Resolving deltas: 100% (107/107), done.
ed@etcd1:~/projects$ cd etcd-compute/
As the etcd-compute code has its own dependencies, those need to be installed by running
sudo python setup.py develop. When I ran that the first time, I got an error when it was trying to install libvirt-python. I tried installing some other libvirt-related libraries and binaries, but I kept getting the same error. After a while I was trying anything I could think of, even running under Python 2! (didn’t work). Maybe it was something about Python 3.7 that was problematic, so I created a venv for Python 3.6, and ran
pip install libvirt-python. It installed without a problem. Hmmm. So I fired up a Python 3.7 venv, and it also installed into that. It seems that the installation using setup.py was doing something different than a straight pip install. To test that, I got rid of the venvs, and ran
sudo pip install libvirt-python, and it worked just fine. I was then able to install the rest of the dependencies by running
sudo python setup.py develop.
Now that the dependencies are installed, we need to create the database for placement, and then modify the dockerenv file so that the OS_PLACEMENT_DATABASE__CONNECTION setting points to that. My database is on a MariaDB server, so I needed to change the value to:
That means, of course, that I need to install pymysql using
sudo pip install pymysql before I can make a connection. Once that’s done, I started the docker containers by running
./docker.sh from the primary VM. In my case, that’s etcd1.

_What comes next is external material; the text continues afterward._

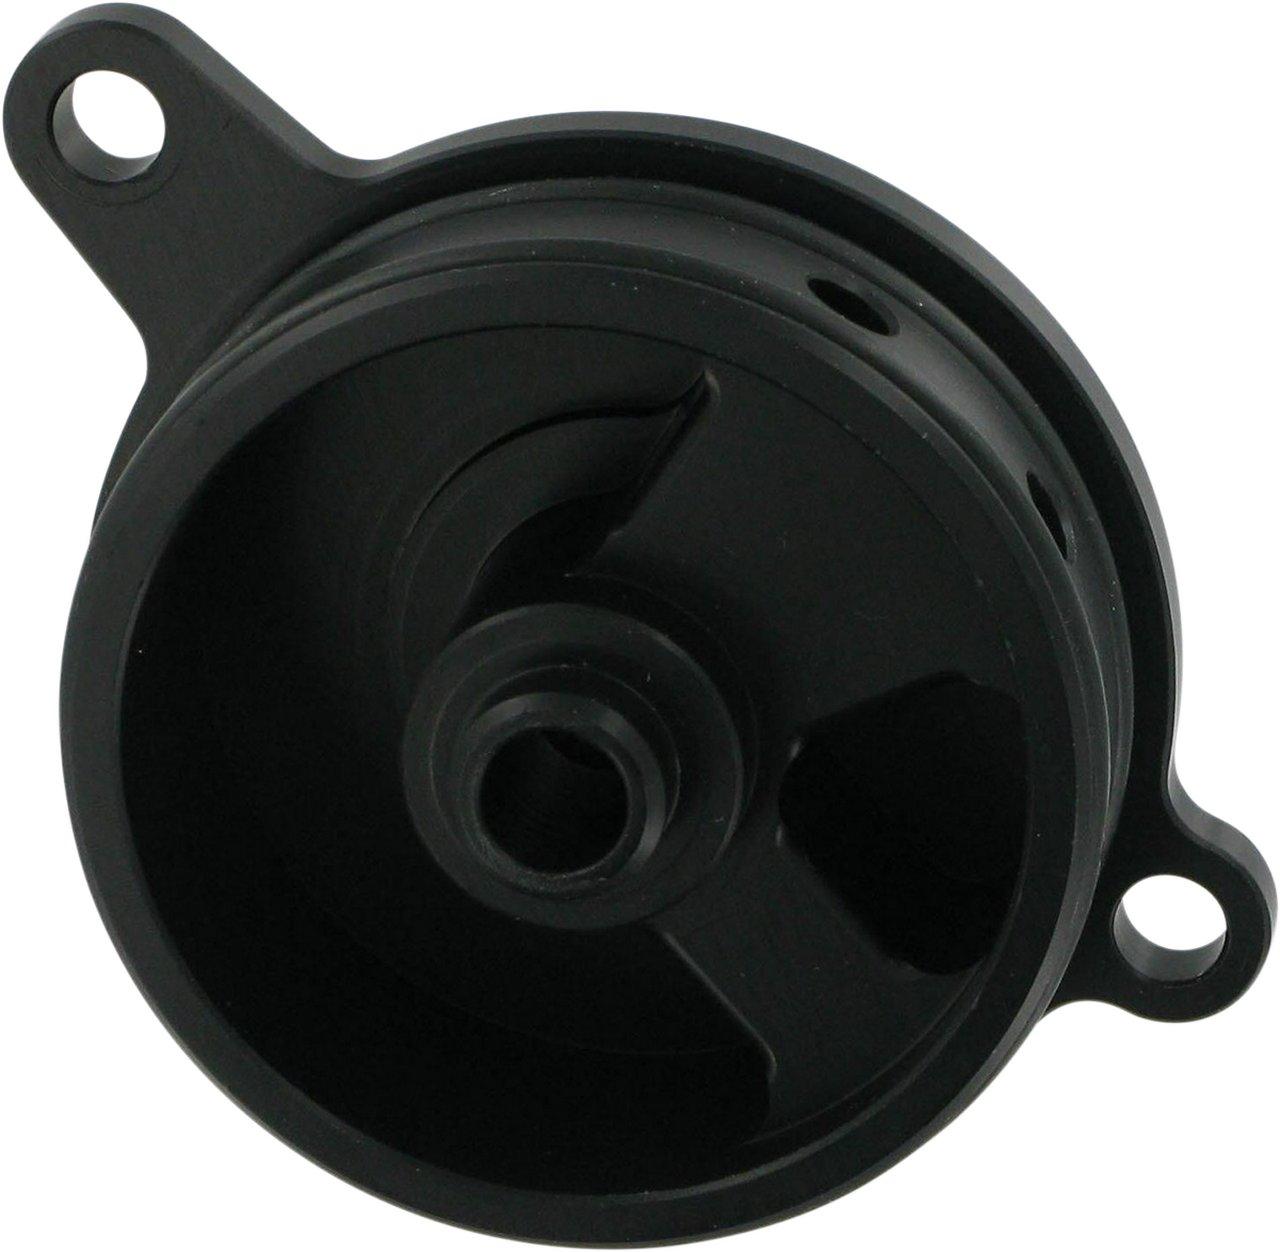 【MOOSE RACING】磁性機油濾芯蓋 ZIP-TY [0940-0809] - 「Webike-摩托百貨」
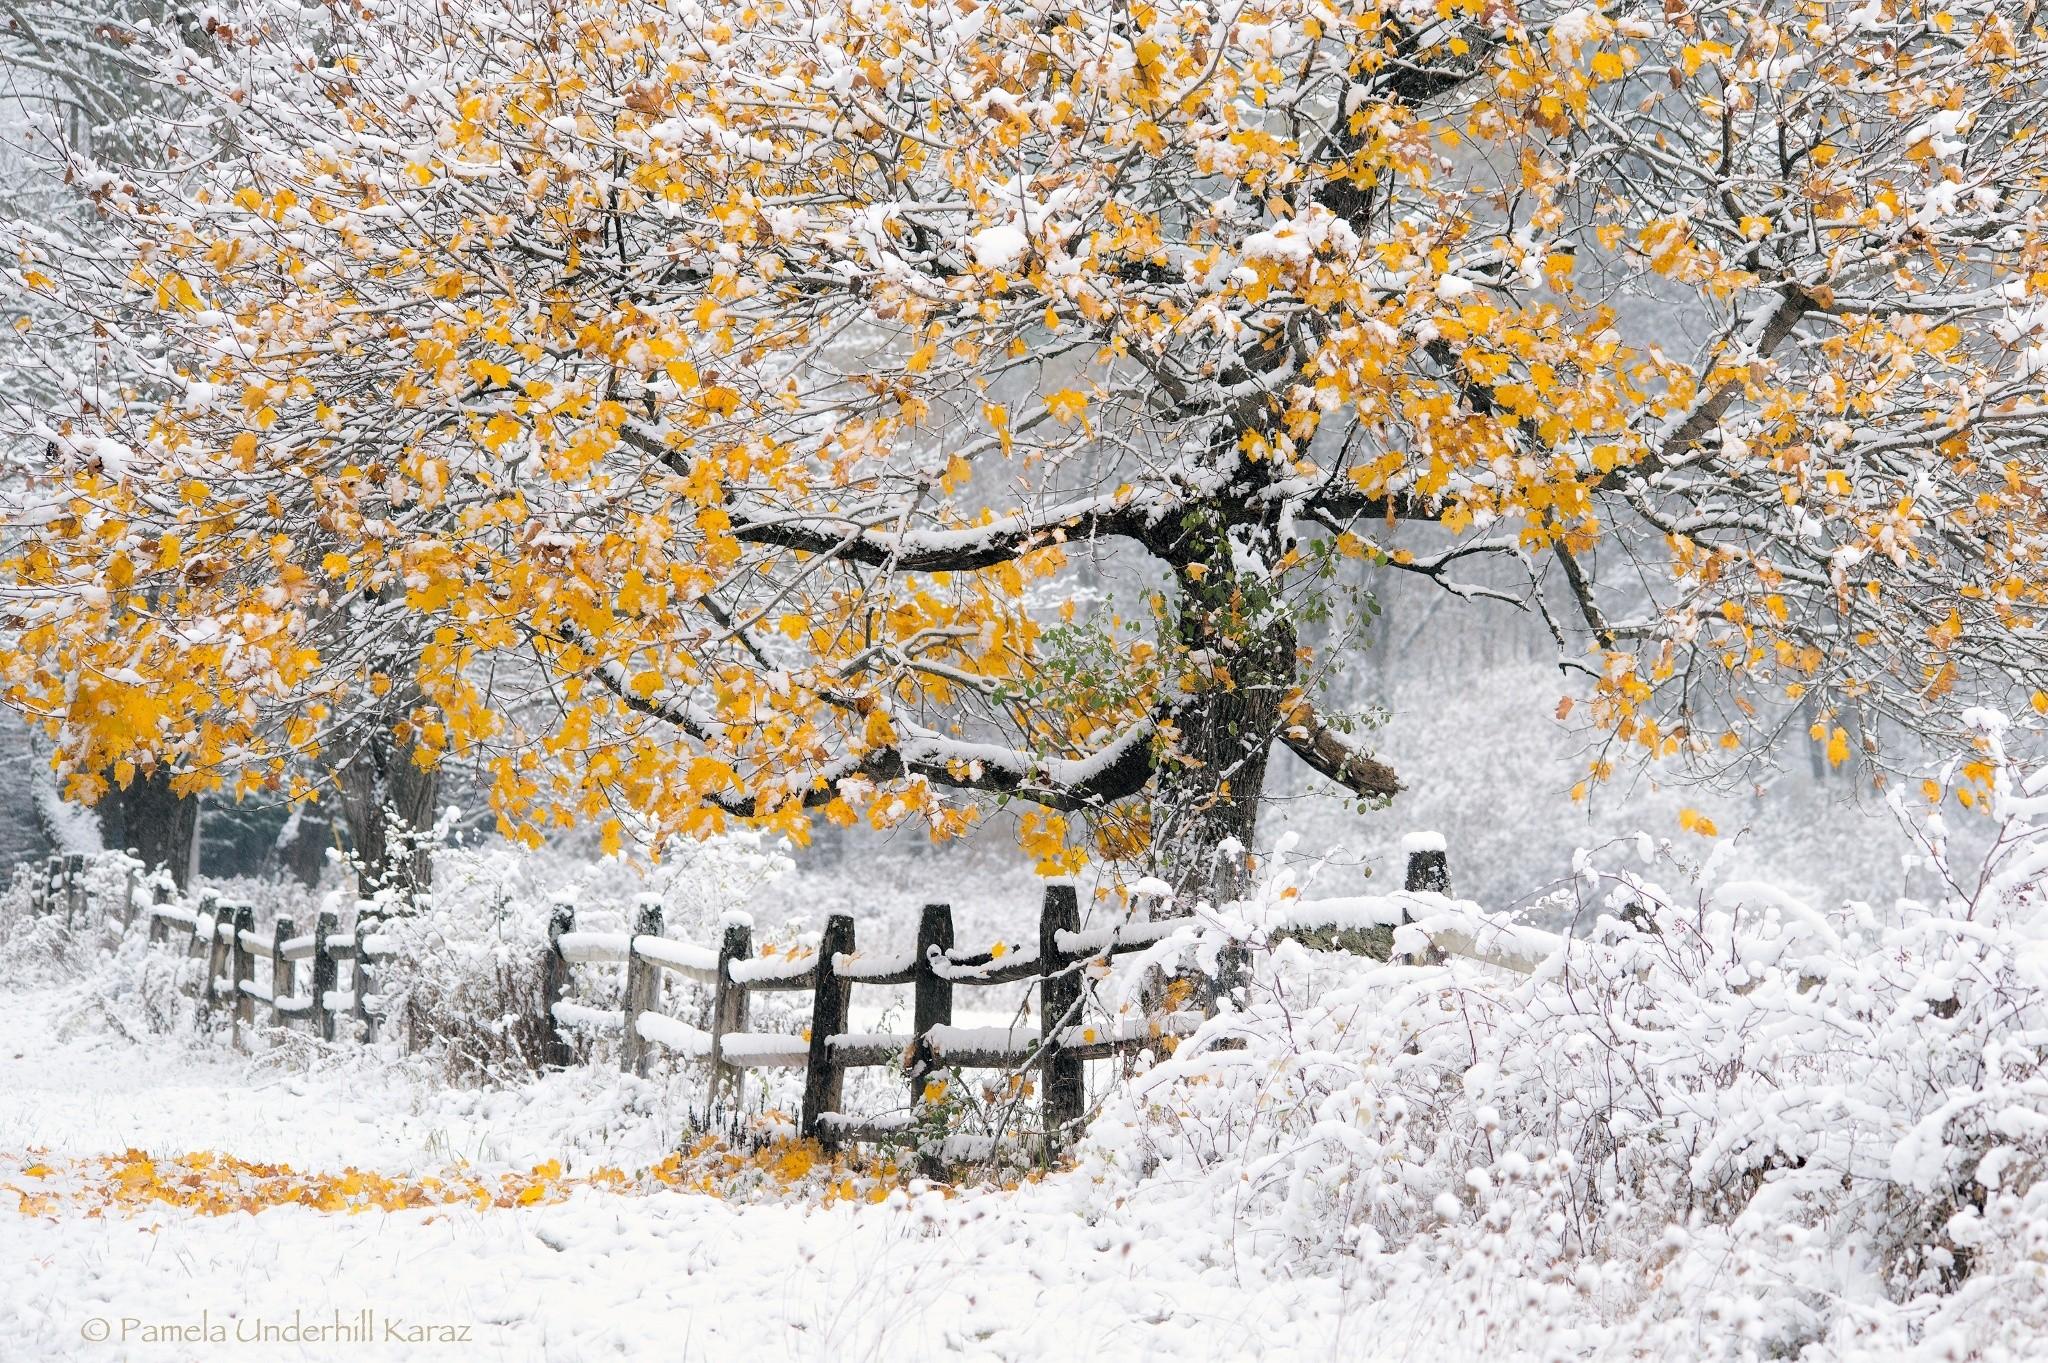 Картинки осень с первым снегом

That brings up another edit that’s needed on all your “machines”: changing the location of the host in compute.yaml and schedule.yaml. These assume that the host is named ‘ds1’, which isn’t true in this case. I changed ‘ds1’ to ‘etcd1’, and then added an entry in each node’s /etc/hosts file with the IP address of the etcd1 VM.
We also want to create a value for the uuid in compute.yaml. One simple way is to run
python -c "import uuid; print(uuid.uuid4())", and copy the output to paste into compute.yaml. Do that on every compute node you are running.
That’s enough for one day. Tomorrow we start with configuring networking!